Background: With an increase in indoor smoking bans, many smokers smoke outside establishments and near their entrances, which has become a public health concern.
Objectives: We characterized the exposure of nonsmokers to secondhand smoke (SHS) outside a restaurant and bar in Athens, Georgia, where indoor smoking is banned, using salivary cotinine and urinary 4-(methylnitrosamino)-1-(3-pyridyl)-1-butanol (NNAL).
Methods: In a crossover study, we assigned 28 participants to outdoor patios of a restaurant and a bar and an open-air site with no smokers on three weekend days; participants visited each site once and stayed for 3 hr. We collected saliva and urine samples immediately before and after the visits (postexposure) and on the following morning and analyzed samples for cotinine and total NNAL, respectively. Regression models were fitted and changes in biomarkers were contrasted between locations.

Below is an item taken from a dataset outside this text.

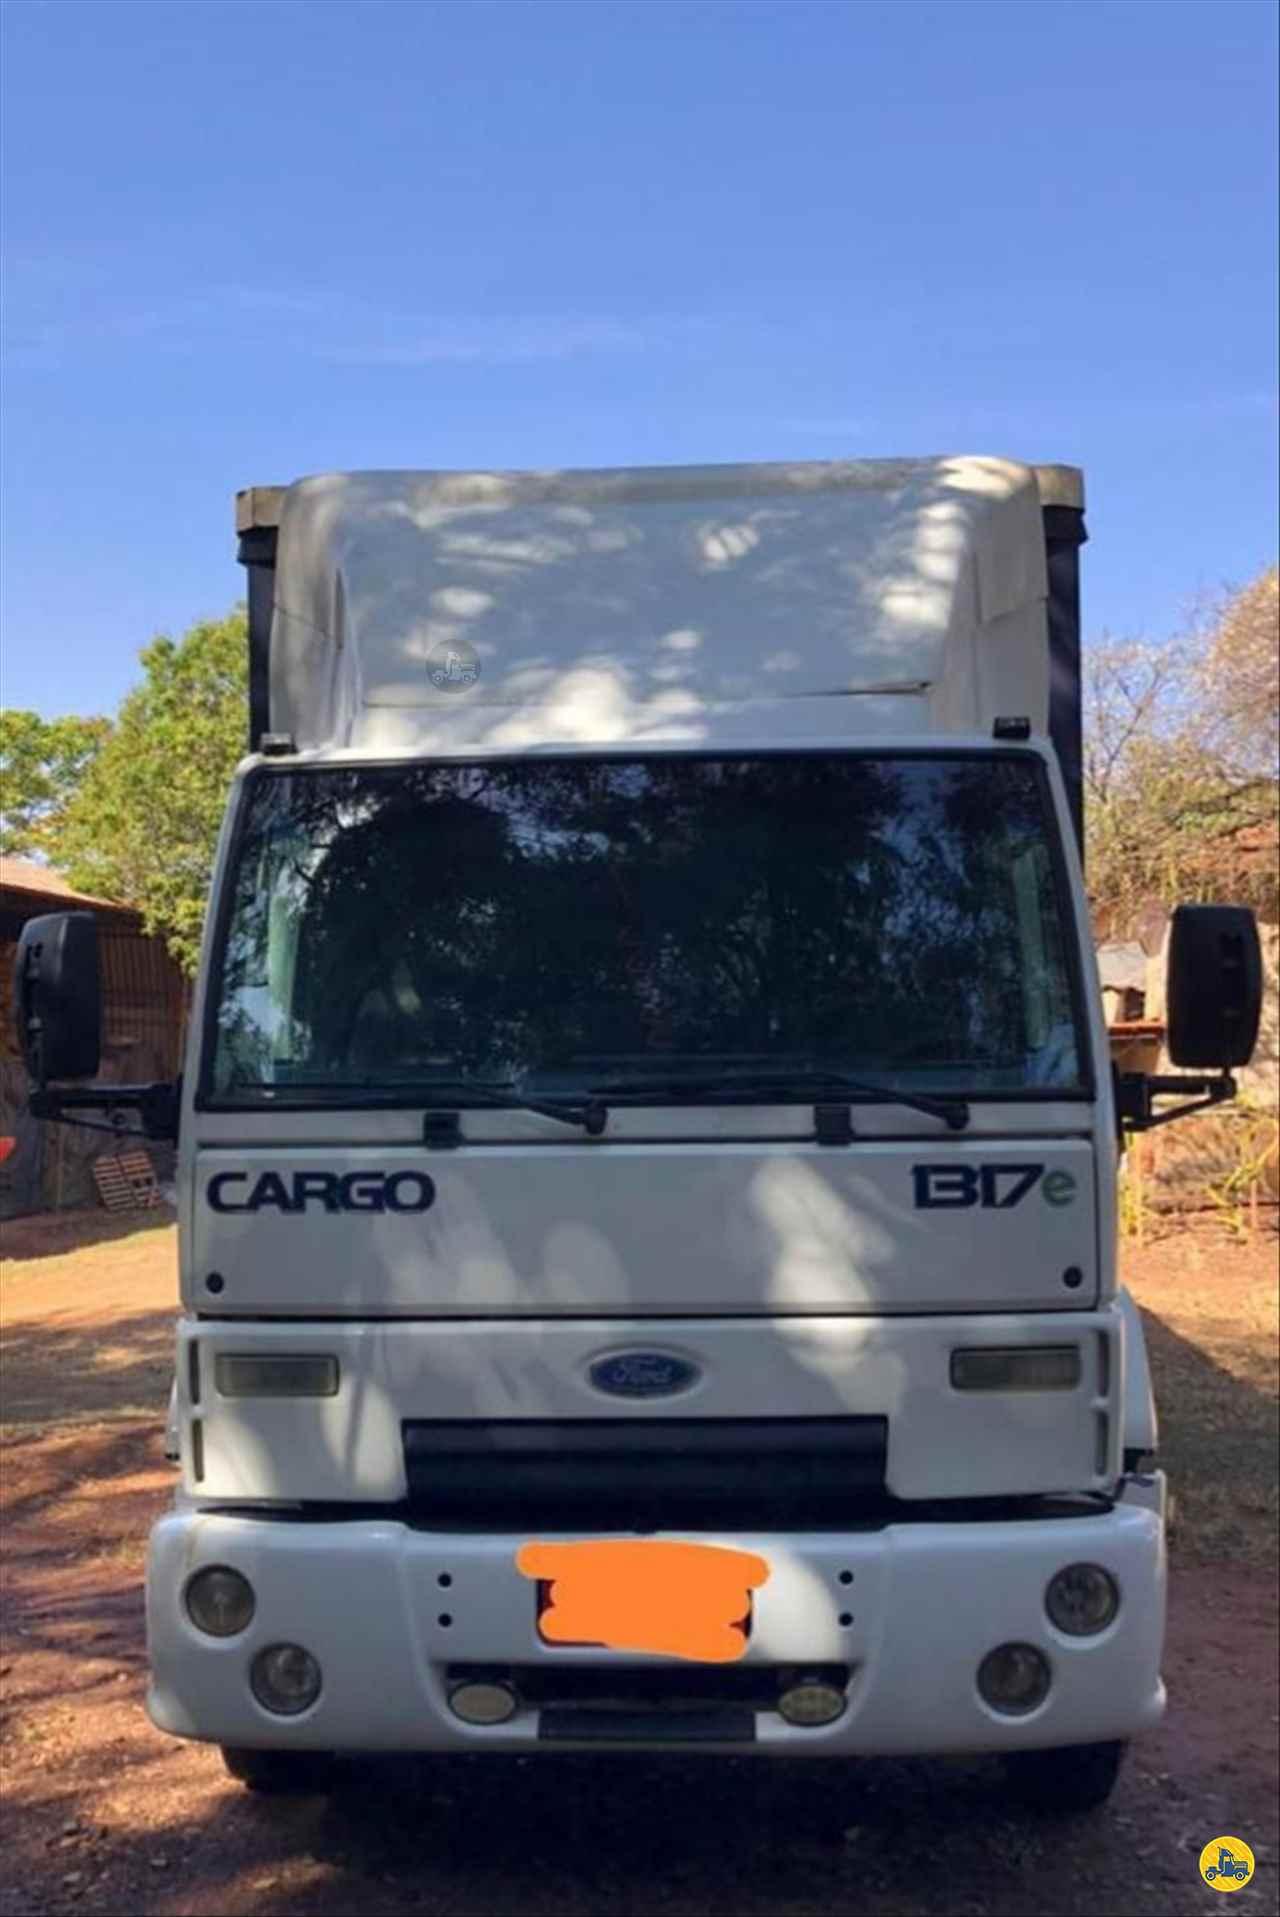 CAMINHAO FORD CARGO 1317 Baú Sider Toco 4x2 GP Trucks PIRACICABA SÃO PAULO SP

Results: Postexposure and preexposure geometric mean salivary cotinine concentrations differed by 0.115 ng/mL [95% confidence interval (CI): 0.105, 0.126)] and by 0.030 ng/mL (95% CI: 0.028, 0.031) for bar and restaurant visits, respectively. There were no significant post- and preexposure differences in cotinine levels after control site visits, and changes after bar and restaurant site visits were significantly different from changes after control site visits (p < 0.001). Results comparing next-day and preexposure salivary cotinine levels were similar. Next-day creatinine-corrected urinary NNAL concentrations also were higher than preexposure levels following bar and restaurant visits [1.858 pg/mg creatinine higher (95% CI: 0.897, 3.758) and 0.615 pg/mg creatinine higher (95% CI: 0.210, 1.761), respectively], and were significantly different from changes after the control visits (p = 0.005).
Conclusion: Salivary cotinine and urinary NNAL increased significantly in nonsmokers after outdoor SHS exposure. Our findings indicate that such exposures may increase risks of health effects associated with tobacco carcinogens.